National Reptile Awareness Day

National Reptile Awareness Day

Too Much Seaweed Causing Problems for Sea Turtle Hatchlings

Sargassum seaweed floats in the ocean, providing habitat for all types of marine critters from crabs and shrimp, to baby fish and sea turtles. But during the summer months of South Florida, large mats of floating seaweed wash up on the beach and might make it difficult for sea turtle hatchlings to locate the ocean from the nest, according to a recent study by FAU researchers.

Loggerhead sea turtles — a type of marine reptile — hatch from eggs placed in subsurface nests at the beach, then emerge at night and crawl to the sea. Mike Salmon, Ph.D., a research professor in the Charles E. Schmidt College of Science, supervised a master’s student, Josh Schiariti, in a study to determine if Sargassum that accumulated on the beach acted as a barrier for the crawling hatchlings as they attempted to enter the ocean. “This study is important because the crawl from nest to the surf zone and the subsequent swim to deeper water, is a critical and vulnerable period of time for marine turtles,” Schiariti said.

To determine if this was the case, Schiariti designed two experiments with hatchlings collected as they emerged from their nests at night. The study was approved under a special permit issued by the Florida Fish and Wildlife Conservation Commission (FWC), which monitors all research on marine turtles in the state.

In one of the experiments, Schiariti released hatchlings to determine whether they could crawl over the accumulated seaweed mat on the beach that evening. “Those tests allowed him to estimate how many turtles could crawl over, around or through the algal accumulations that varied in density and elevation from one night to the next,” Salmon said.

In the second set of experiments, Schiariti created seaweed mats that varied in elevation and then released the hatchlings on the beach where they would encounter those mats. These observations enabled him to more precisely determine the probability that hatchlings encountering an algal barrier of specific height could navigate across it to reach the sea.

Over the span of 43 evenings, Schiariti found that there was a 22% reduction in the number of hatchlings that successfully crawled over the natural accumulations of seaweed at Boca Raton’s nesting beach. These results were recently published in the Journal of Coastal Research. Of the 12,730 hatchlings that emerged from the nests that year, only an estimated 9,930 made it to the ocean. Additionally, the researchers found that barriers exceeding 8 inches in elevation significantly reduced the ability of the turtles to reach the ocean, and those exceeding 12 inches were a complete barrier.
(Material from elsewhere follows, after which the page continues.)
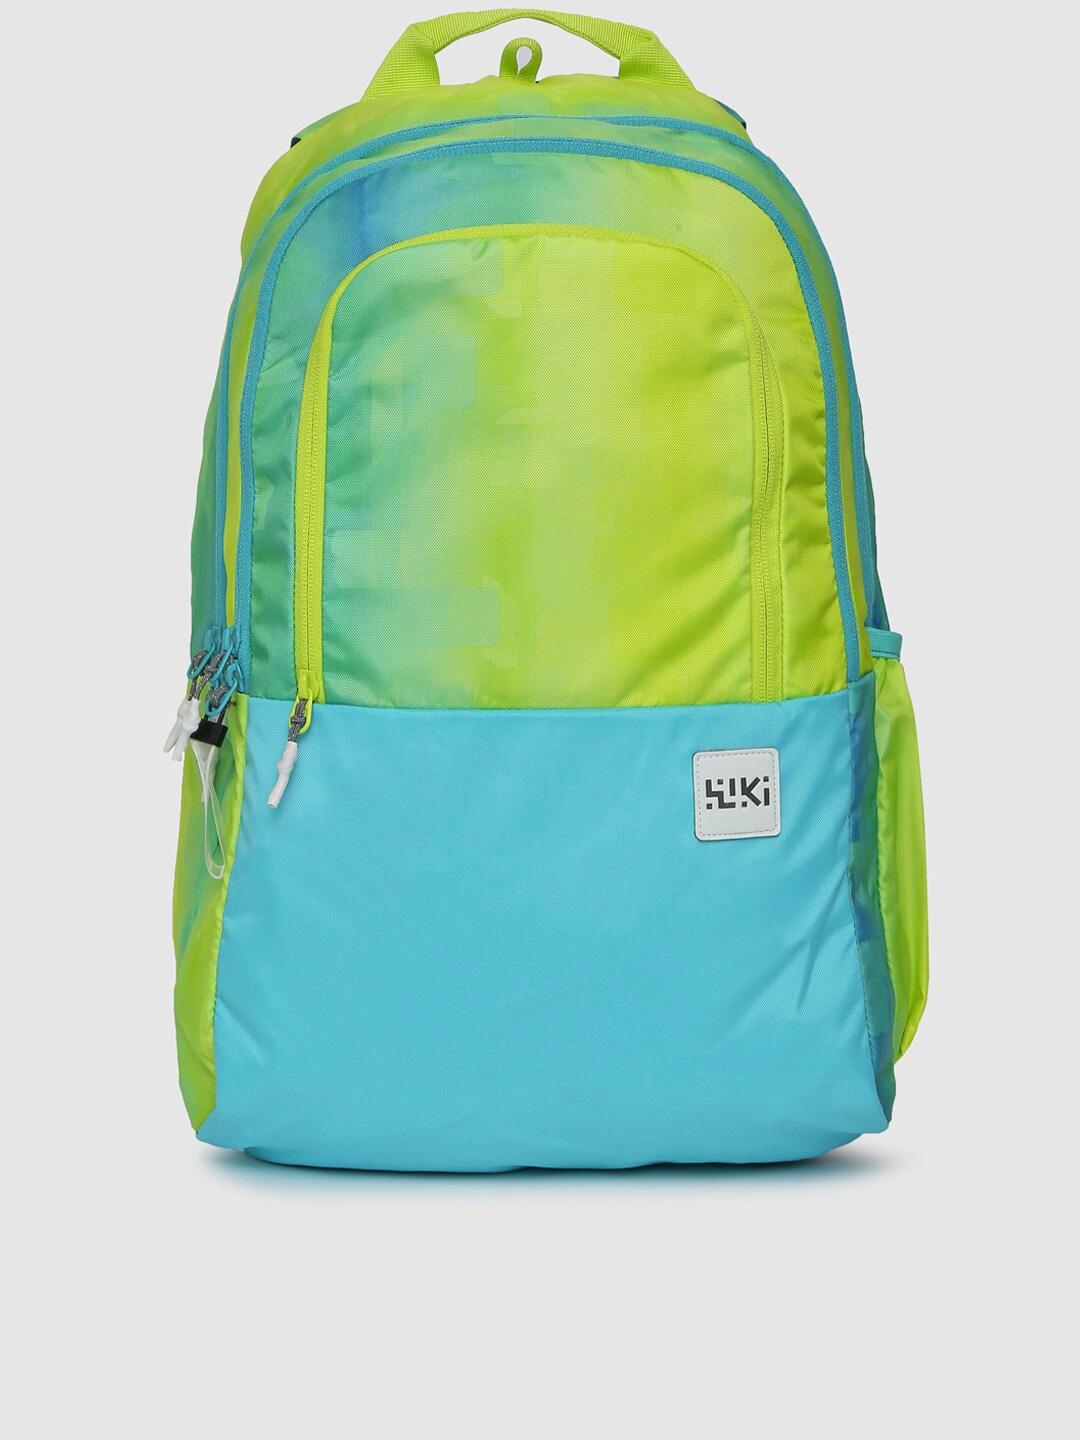 Wildcraft Unisex Blue & Green Colourblocked Backpack
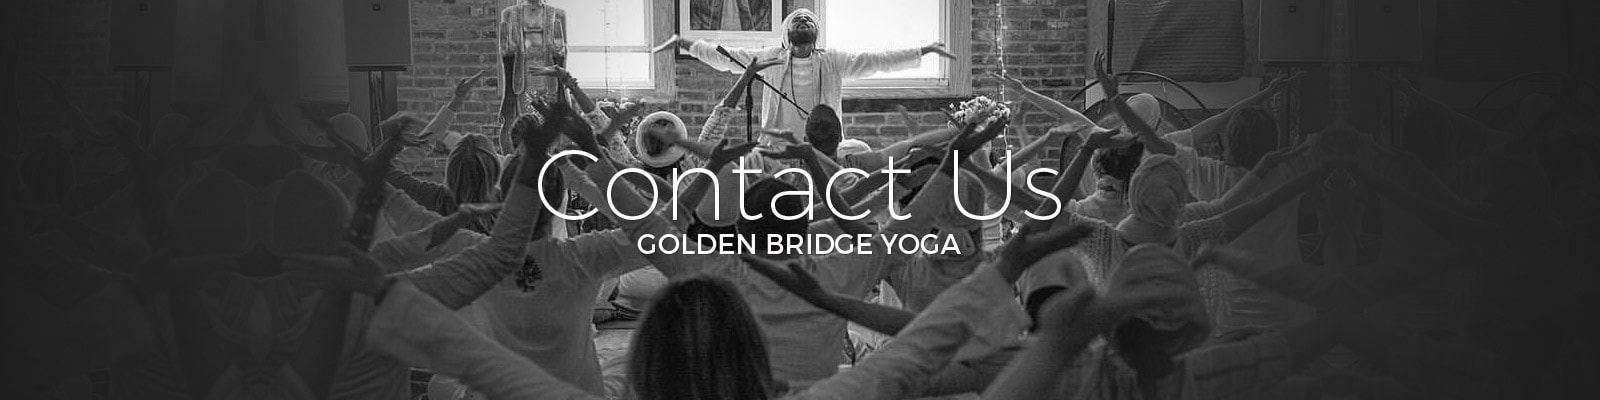 Contact Us - Golden Bridge Yoga

Schiariti also recorded how the hatchlings behaved when they encountered the seaweed barriers. Some crawled along the edge until they became exhausted, some turned away from the sea and crawled inland, and some fell backward after attempting to climb over the Sargassum. Even if some of the hatchlings did eventually find the sea, in the process they spent more time on land where they were vulnerable to terrestrial predators such as night herons and ghost crabs.

Over the past 20 years, Sargassum blooms have been increasing in duration and geographic extent, said Salmon. The cause is extensive nutrient runoff from agricultural fertilizers and human waste, transported by rivers to the ocean “These blooms represent a symptom of how we are increasingly upsetting balances in natural ecosystems,” he said, “and in the process causing immense harm to the planet and its inhabitants.”